Last but not least, a public health system is inherently a multijurisdictional approach that promotes collective efforts from diverse disciplines such as epidemiology, biostatistics, social science, social work, and even medical science. Traditionally, medical graduates gravitate towards clinical care, highlighting a profound lack of medical knowledge in public health systems. In fact, with their first-hand training in patient care, healthcare professionals can vastly improve many critical public health tools such as surveillance, disease tracking, early intervention, disease reporting, and so forth.
Public health also offers healthcare providers a variety of personal and professional growth opportunities. They can enjoy the privilege to work alongside traditional public health professionals in a wide range of leadership and critical thinking domains such as research, programme management, policy development, promoting regulations and legislations, etc. Many physicians in the US work as health information technology specialists, research leads, and even data scientists. This directly exposes public health to medical experiences so critically needed in this sector.

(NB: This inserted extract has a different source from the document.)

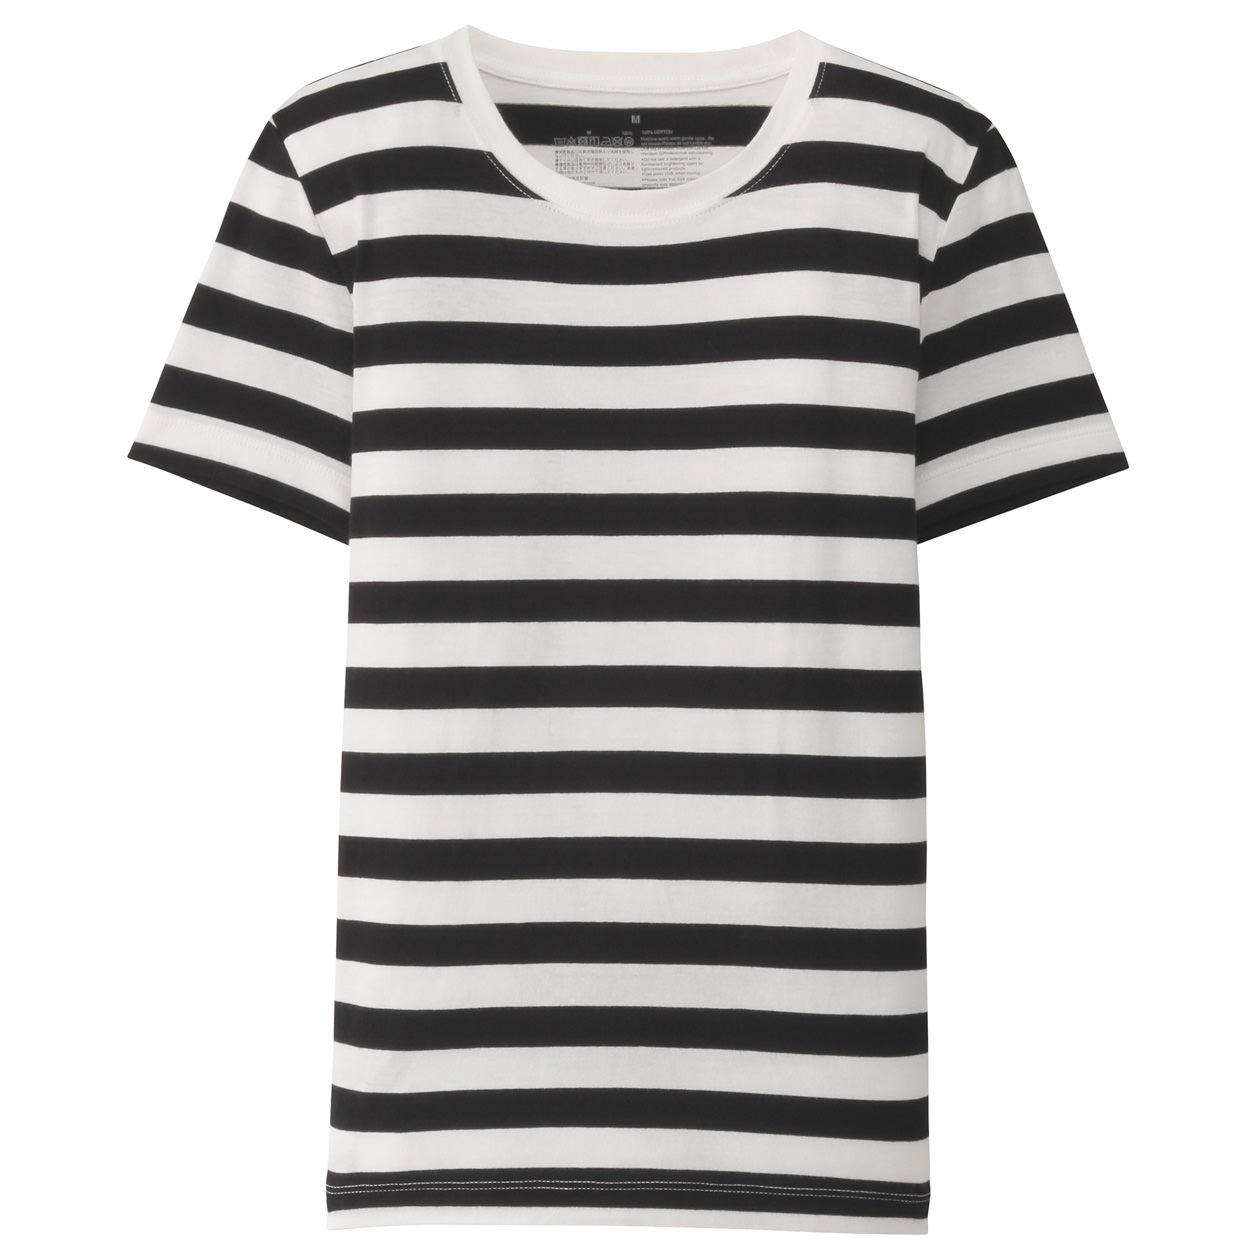 オーガニックコットンクルーネック半袖Tシャツ(ボーダー)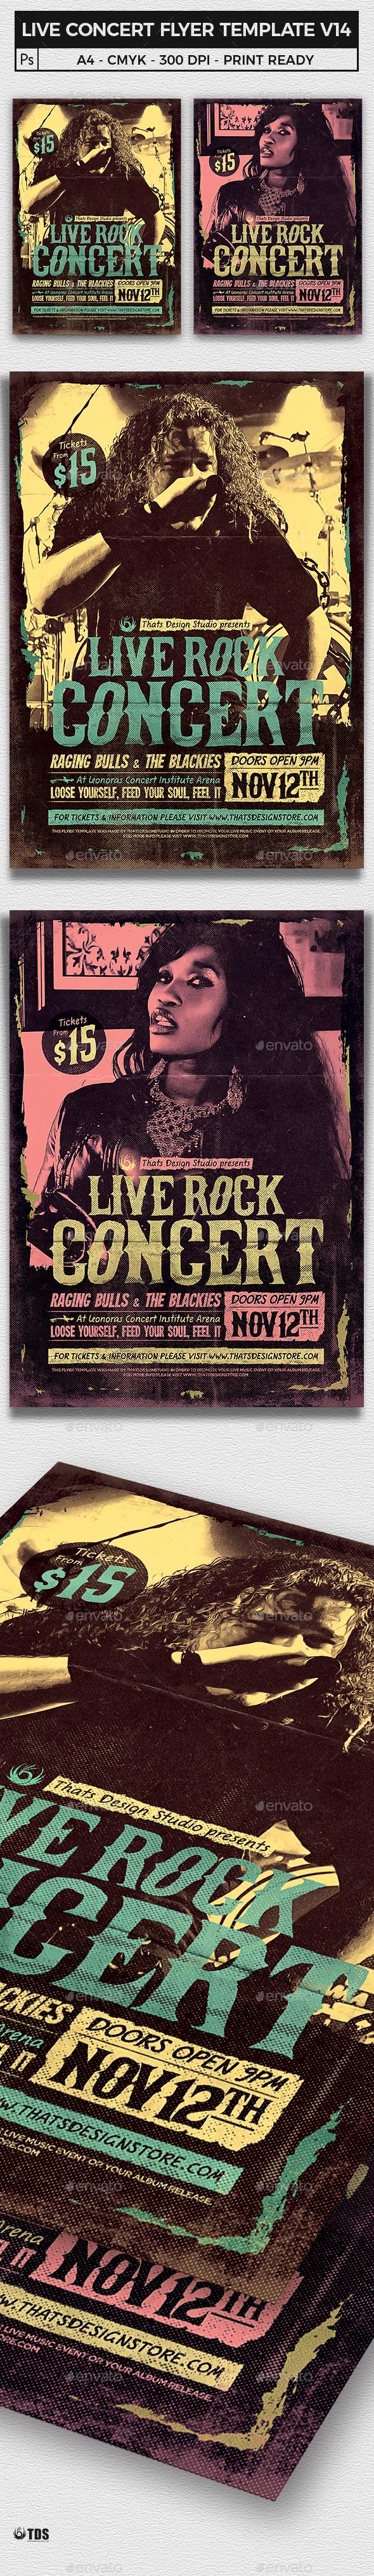 Live Concert Flyer Template V14 - Concerts Events

In the post-Covid reality, medical practitioners should think more seriously about joining public health to better serve the bottom line of healthcare. They must break free from the confines of clinical settings to meet the challenges of the rapidly changing healthcare dynamics. The traditional approach to improving healthcare is akin to living in a bygone era that is divorced from reality. Keeping our eyes on the ball requires shifting our attention to where it is needed most.
ABM Uddin is a healthcare consultant for the Florida Agency for Health Care Administration. Views expressed in this article are the author's own.